Returns {"status": "healthy"}. Not protected by API key auth.
| Endpoint | Description |
|---|---|
GET /models/list |
List loaded transcription models |
POST /models/load |
Load a model (model param) |
POST /models/unload |
Unload a model (model param) |
GET /align_models/list |
List loaded alignment models |
POST /align_models/load |
Load an alignment model (language param) |
POST /align_models/unload |
Unload an alignment model (language param) |
GET /diarize_models/list |
List loaded diarization models |
POST /diarize_models/load |
Load a diarization model (model param) |
POST /diarize_models/unload |
Unload a diarization model (model param) |
Each pipeline stage (transcription, alignment, diarization) can use a different backend.
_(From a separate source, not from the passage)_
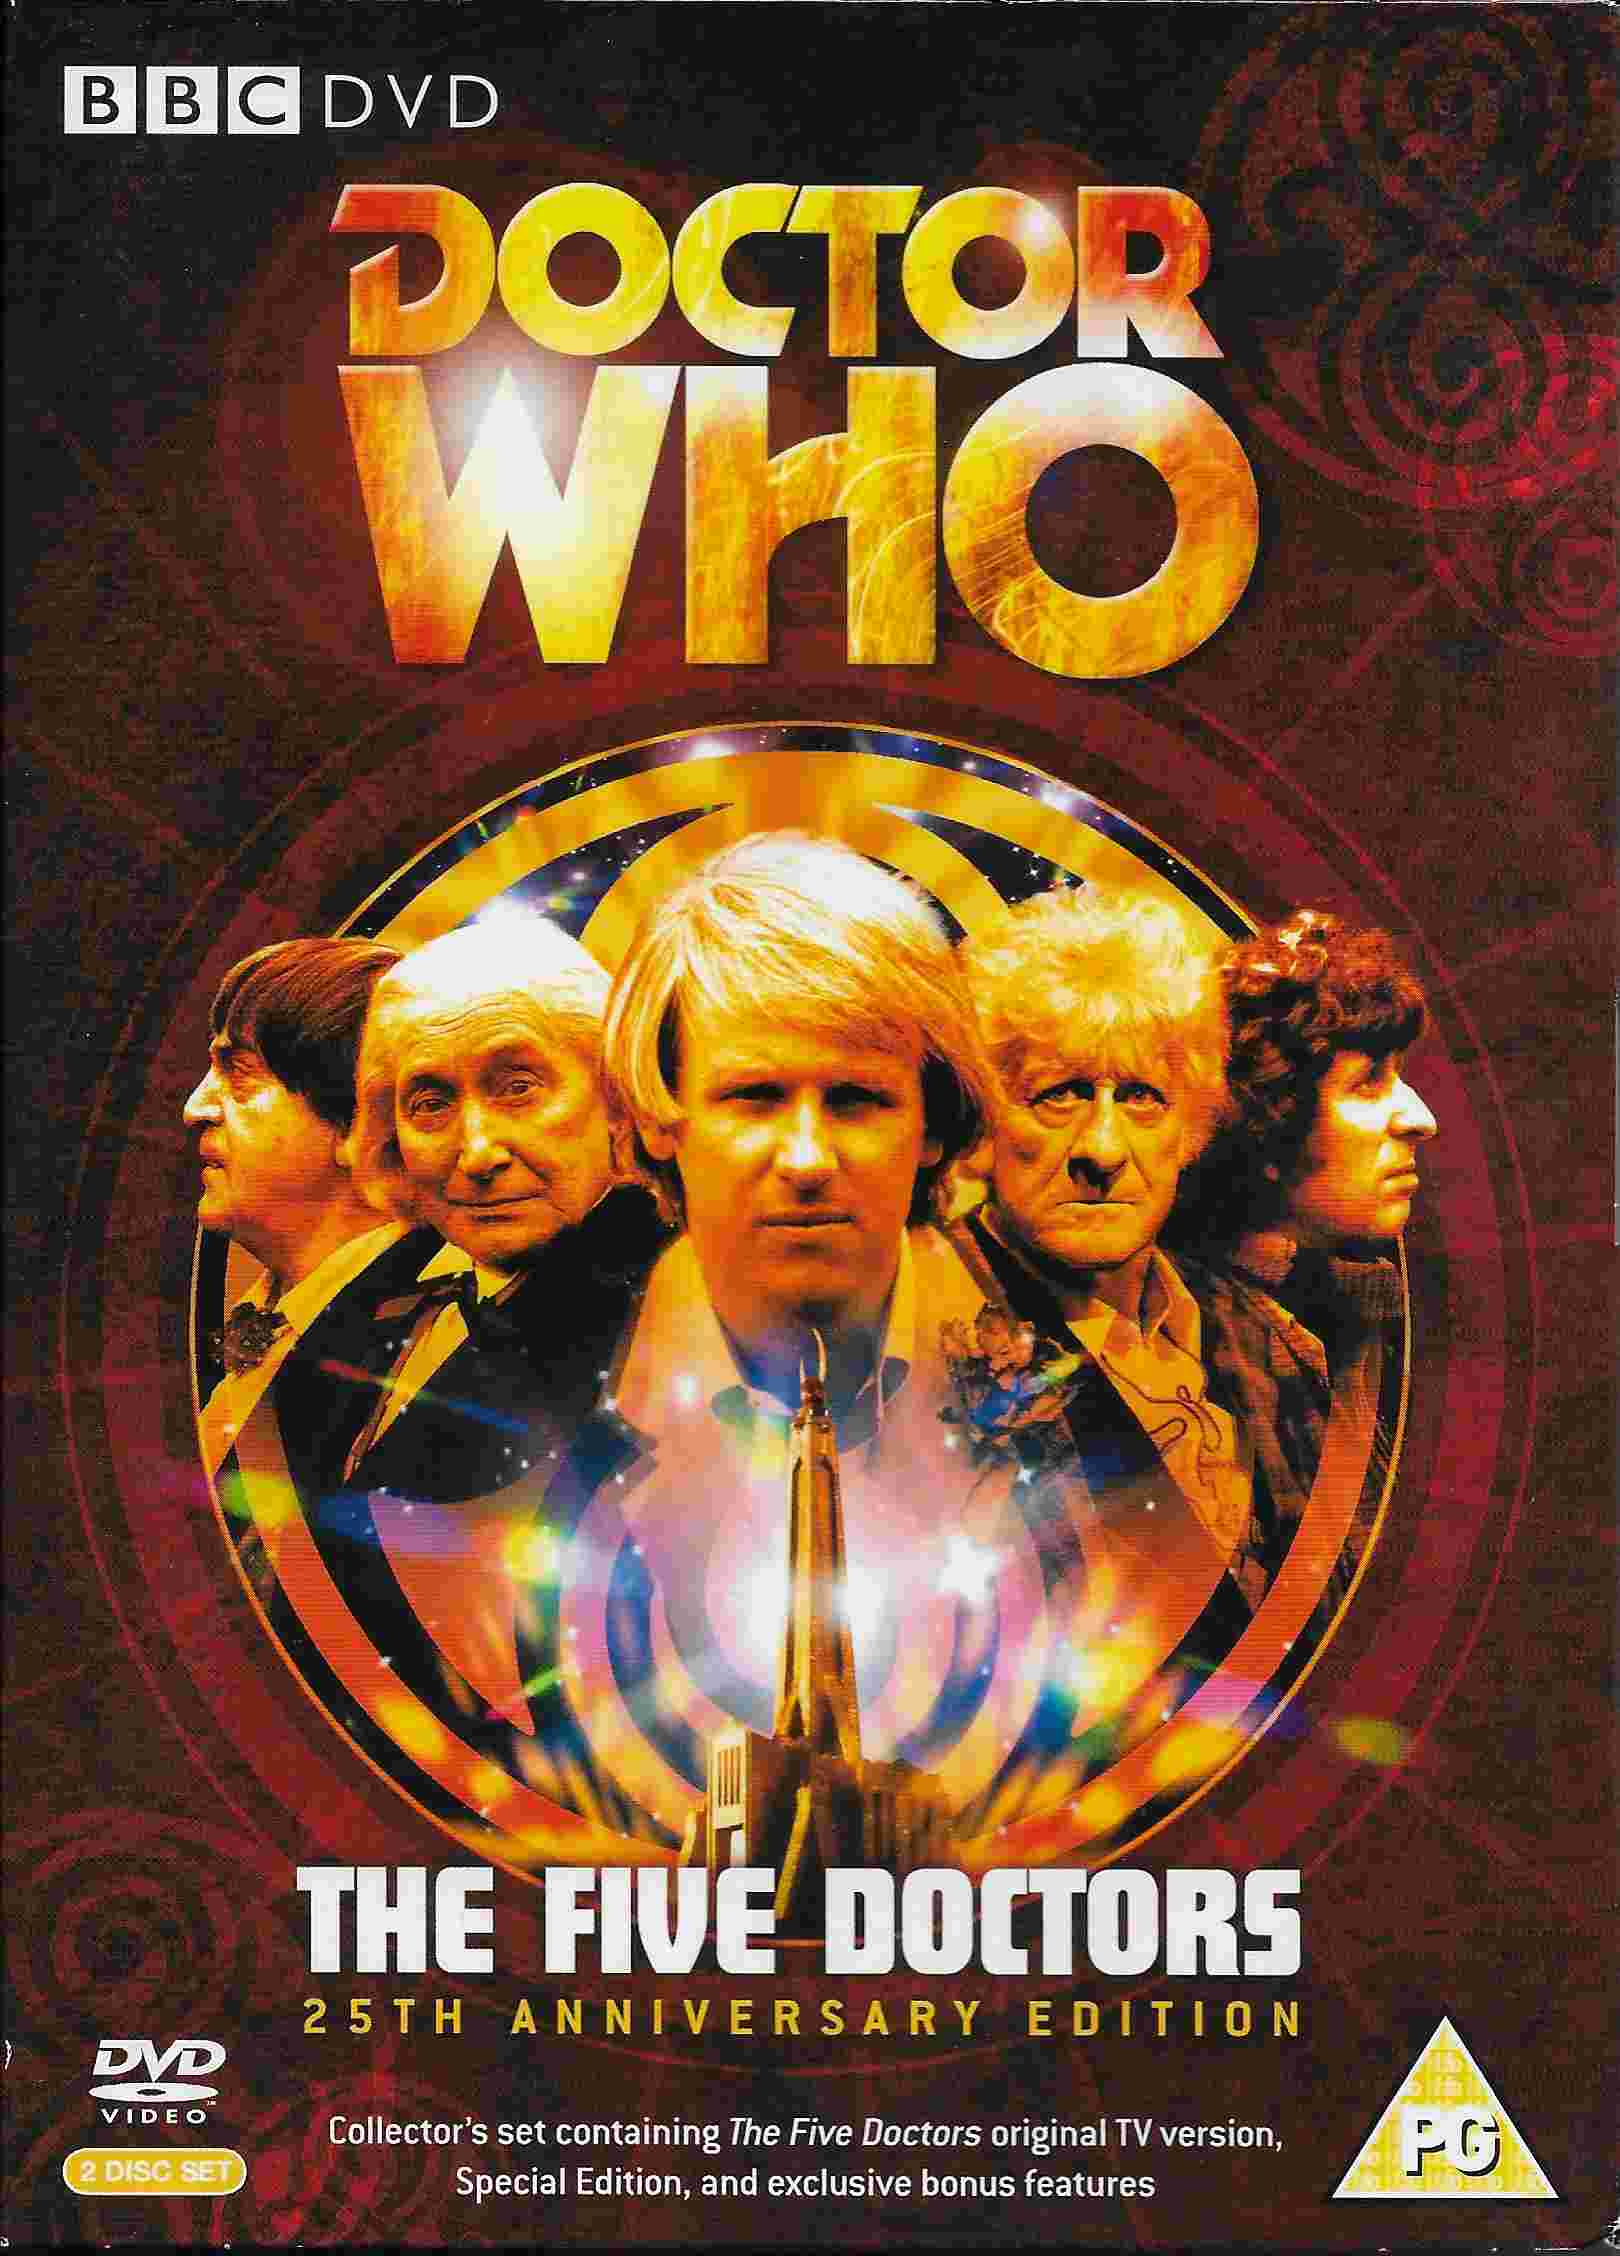 Picture of BBCDVD 2450 Doctor Who - The five Doctors by artist Terrance Dicks from the BBC dvds - Records and Tapes library

Set the active backend via environment variables:
BACKENDS__TRANSCRIPTION=whisperx
BACKENDS__ALIGNMENT=whisperx
BACKENDS__DIARIZATION=whisperxOnly the whisperx backend ships by default. Custom backends can be registered via the backend registry at src/whisperx_api_server/backends/.
| File | Purpose |
|---|---|
compose.yaml |
Standalone server — use --profile cuda or --profile cpu |
compose-kafka.yaml |
Distributed stack — API server + Kafka + MinIO + workers via --profile cuda / --profile cpu |
Workers are opt-in via profiles so docker compose up never accidentally starts a GPU process on a machine that doesn't have one.
Issues, forks, and pull requests are welcome.
GNU General Public License v3.0 — see LICENSE for details.